---- DATA FOR THE TASK

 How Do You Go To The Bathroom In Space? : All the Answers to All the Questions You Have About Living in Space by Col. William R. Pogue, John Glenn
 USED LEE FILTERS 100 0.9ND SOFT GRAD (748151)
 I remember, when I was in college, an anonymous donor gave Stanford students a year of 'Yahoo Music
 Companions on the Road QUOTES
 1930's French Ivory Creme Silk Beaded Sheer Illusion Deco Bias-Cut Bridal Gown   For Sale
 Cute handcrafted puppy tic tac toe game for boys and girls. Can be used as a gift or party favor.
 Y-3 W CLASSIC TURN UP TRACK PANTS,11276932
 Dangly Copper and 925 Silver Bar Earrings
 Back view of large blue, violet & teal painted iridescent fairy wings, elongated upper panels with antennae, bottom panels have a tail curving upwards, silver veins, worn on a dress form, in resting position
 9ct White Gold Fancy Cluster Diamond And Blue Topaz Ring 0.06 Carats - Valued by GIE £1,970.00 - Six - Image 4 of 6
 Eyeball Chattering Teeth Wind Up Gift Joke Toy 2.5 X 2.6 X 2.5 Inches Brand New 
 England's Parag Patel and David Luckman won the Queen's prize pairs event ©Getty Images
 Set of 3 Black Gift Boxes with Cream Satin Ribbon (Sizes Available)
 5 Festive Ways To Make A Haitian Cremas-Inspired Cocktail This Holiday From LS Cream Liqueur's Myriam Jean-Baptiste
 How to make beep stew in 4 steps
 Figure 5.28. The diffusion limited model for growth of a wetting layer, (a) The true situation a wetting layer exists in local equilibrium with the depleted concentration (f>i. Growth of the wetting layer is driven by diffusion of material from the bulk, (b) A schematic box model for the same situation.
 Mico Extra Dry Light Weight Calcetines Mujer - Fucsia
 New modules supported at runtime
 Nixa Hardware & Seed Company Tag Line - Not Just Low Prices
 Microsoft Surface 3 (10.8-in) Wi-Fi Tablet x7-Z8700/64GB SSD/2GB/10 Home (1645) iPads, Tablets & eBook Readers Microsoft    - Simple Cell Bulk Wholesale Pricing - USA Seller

--------

* **TASK DIRECTIONS**
Look through the entries and copy every line in which the string "Cream" appears.

* **YOUR RESPONSE**
 Set of 3 Black Gift Boxes with Cream Satin Ribbon (Sizes Available)
 5 Festive Ways To Make A Haitian Cremas-Inspired Cocktail This Holiday From LS Cream Liqueur's Myriam Jean-Baptiste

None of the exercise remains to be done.